Le pape François a demandé que "personne ne soit sans travail et que chacun soit rémunéré équitablement et puisse jouir de la dignité du travail et de la beauté du repos". Ce texte veut nous aider à considérer comment la dignité du travail est intimement liée au besoin de repos.

En la fête de Saint Joseph Travailleur, le Pape François a demandé que "personne ne manque de travail et que tous soient justement rémunérés et puissent jouir de la dignité du travail et de la beauté du repos"[1]. Le travail est la vocation première de l'homme. "Le travail exprime et nourrit la dignité de l'être humain, lui permet de développer les capacités que Dieu lui a données, l'aide à construire des relations d'échange et d'entraide, lui permet de sentir qu'il est le collaborateur de Dieu pour prendre soin de ce monde et le développer, lui permet de se sentir utile à la société et solidaire de ses proches"[2].

La dignité du travail est intimement liée, entre autres, au besoin de repos. Lorsque les disciples reviennent de leur première prédication, en se réjouissant des merveilles, Jésus "se préoccupe de leur fatigue physique et intérieure.
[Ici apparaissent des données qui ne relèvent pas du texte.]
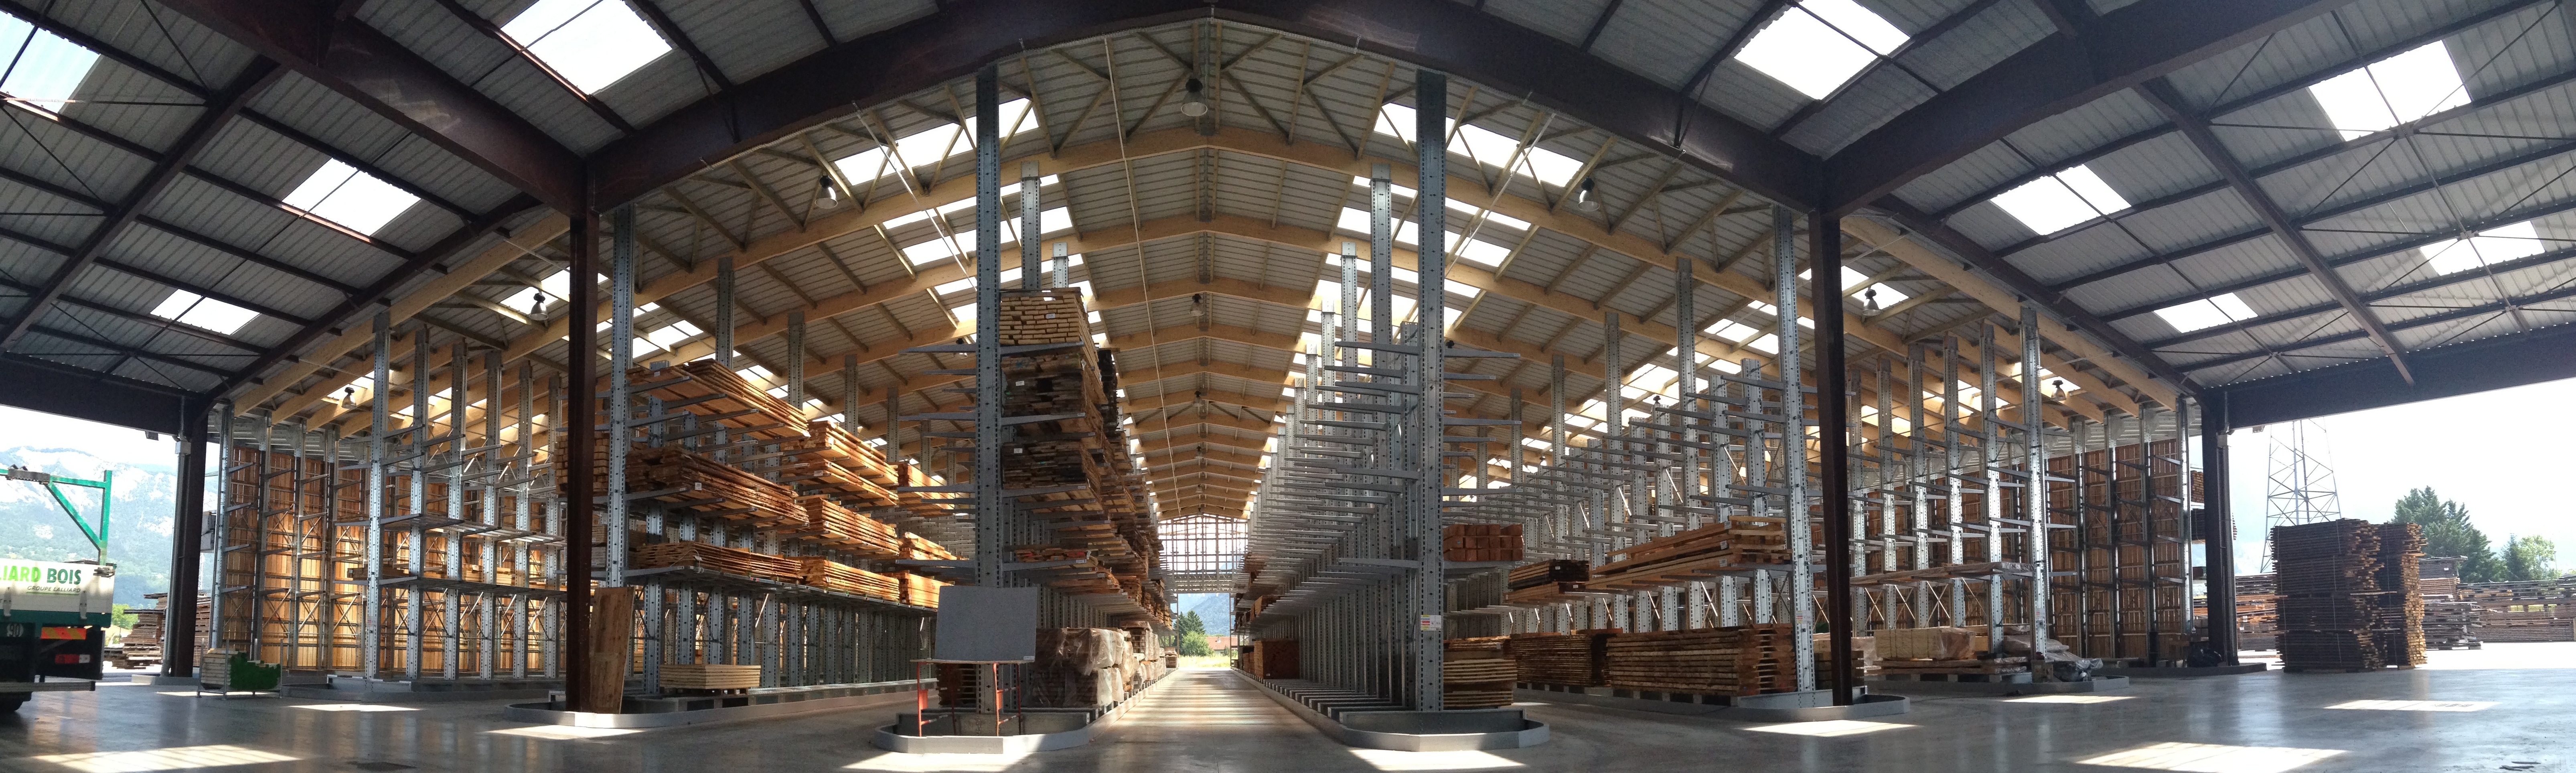 Vue panoramique d’un entrepôt de stockage construit à l’aide de racks cantilever
											
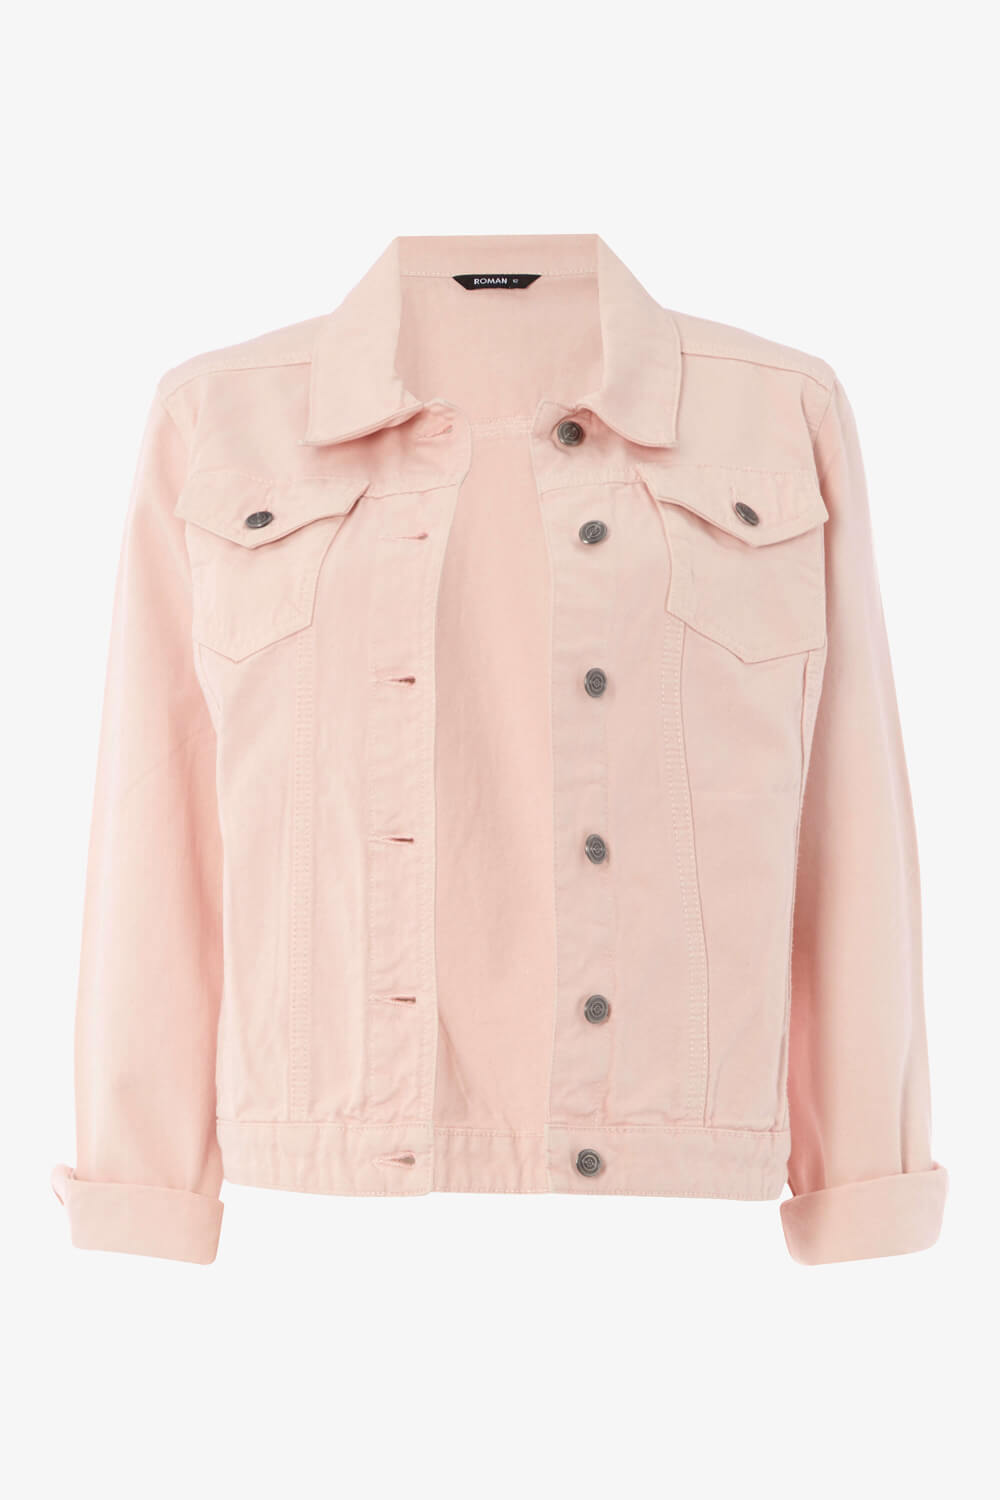 Light Pink Denim Jacket, Image 5 of 5

Et pourquoi fait-il cela ? Parce qu’il veut les mettre en garde contre un danger, qui nous guette toujours nous aussi : le danger de se laisser prendre par la frénésie de « faire », tomber dans le piège de l’activisme, où la chose la plus importante sont les résultats que nous obtenons et de nous sentir des protagonistes absolus. Combien de fois cela arrive également dans l’Église : nous sommes affairés, nous courons, nous pensons que tout dépend de nous et, à la fin, nous risquons de négliger Jésus et c’est toujours nous qui revenons au centre." [3]. Un conseil pratique, a poursuivi le pape : " Arrêtons la course frénétique dictée par nos agendas. Apprenons à faire une pause, à éteindre nos téléphones portables". Ainsi, le repos "est aussi un temps de réconciliation, pour affronter les difficultés sans les fuir, pour retrouver la paix et la sérénité de ceux qui savent apprécier les bonnes choses qu'ils ont"[4].

L'addiction au travail

Il est fréquent aujourd'hui de trouver des personnes souffrant d'une sorte de "dépendance" au travail professionnel. Dans les cas les plus graves, on parle de "syndrome de travaillisme [5]". Il s'agit de personnes qui éprouvent un besoin excessif et incontrôlable de travailler sans cesse, ce qui a un impact sur leur santé, leurs relations familiales et sociales et leur équilibre psychologique. Il leur manque un dispositif de régulation interne qui leur dise quand s'arrêter.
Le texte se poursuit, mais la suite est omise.